Кортеж светлейшего несся со всею мыслимою скоростью. Князь был мрачен. Одна мысль билась неотвязно: старуха, старуха. Это было сродни болезни, душевной, но и телесной. Ибо с некоторых пор князь чувствовал внутри некую тягость, угнездившуюся в пояснице и уже не отпускавшую. Медикусов он не любил, в их зелья не верил, а потому перемогался молча, полагая, что могучая природа все превозможет.
И было все, как предвидел: трубы и литавры, огненные потехи и драгоценный венок, осыпанный брильянтами, золотые медали с изображением Крыма, Очакова и Бендер и профилем светлейшего и сто тысяч серебром, балы в Таврическом и Зимнем…

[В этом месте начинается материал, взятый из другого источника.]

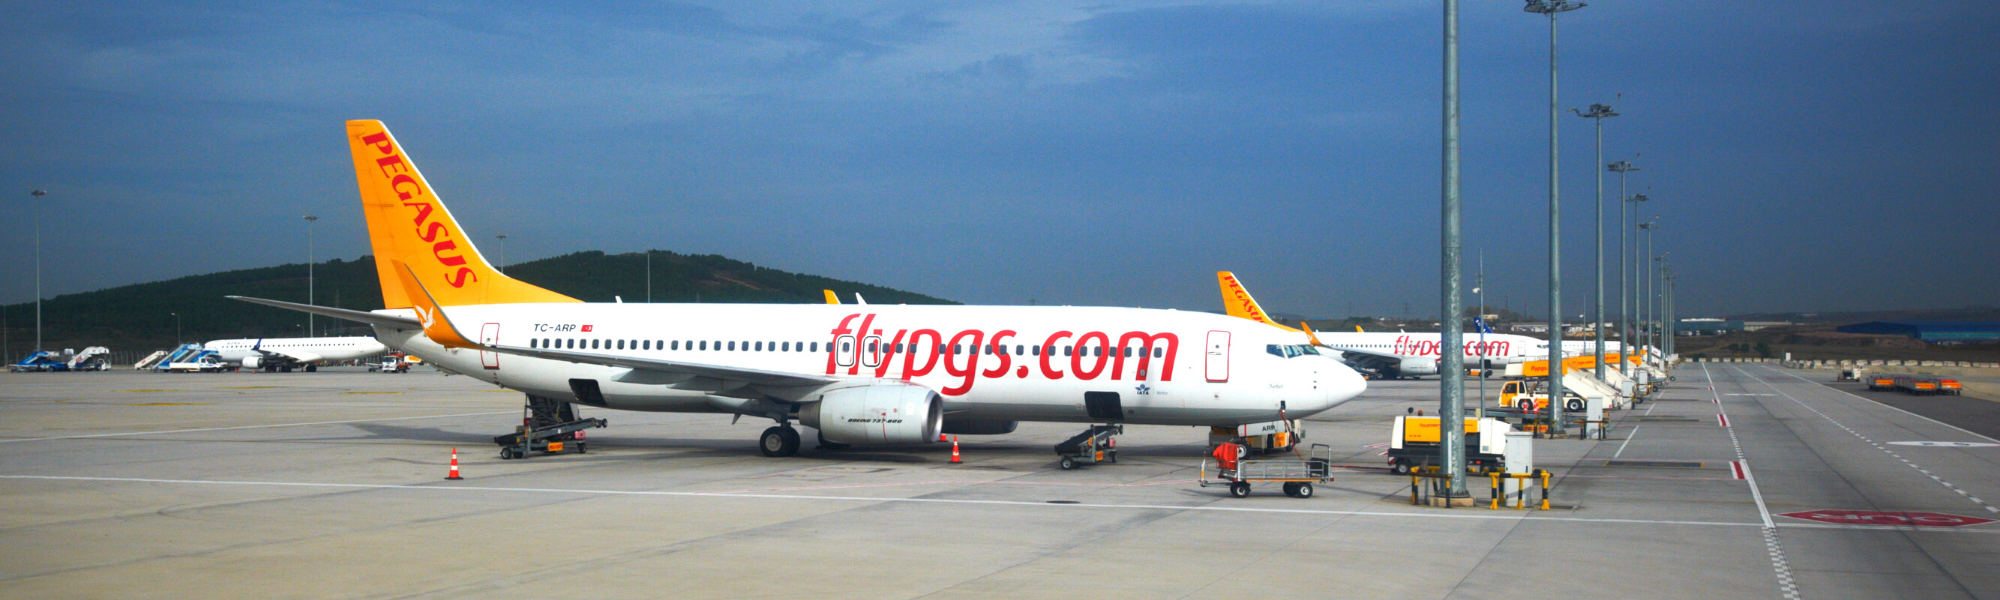 GOOSE Recruitment Partners With Pegasus Airlines

Суета сует и всяческая суета, поминал он из Екклезиаста, и томление духа. В сердце государыни был Зубов. Он решительно перевесил. Прошлое ушло, оно было невозвратимо. Старуха, старуха… тщилась из последних сил вернуть молодость.
Пустое!
Петербург ему опостылел. С той же яростью он гнал свой поезд назад, в Яссы. Репнин тем временем преуспел: с тридцатью тысячами разбил 80-тысячную турецкую армию при Мачине, а Ушаков разгромил турецкий флот при Калиакрии, о победах рапортовали Кутузов и Гудович.
Война подвигалась к концу. Князь Николай Васильевич Репнин взял на себя смелость, не уведомив о том светлейшего, подписать в Галаце перемирие. Весть о нем застигла светлейшего еще в Петербурге. Он взбеленился: это было дерзкое самовольство.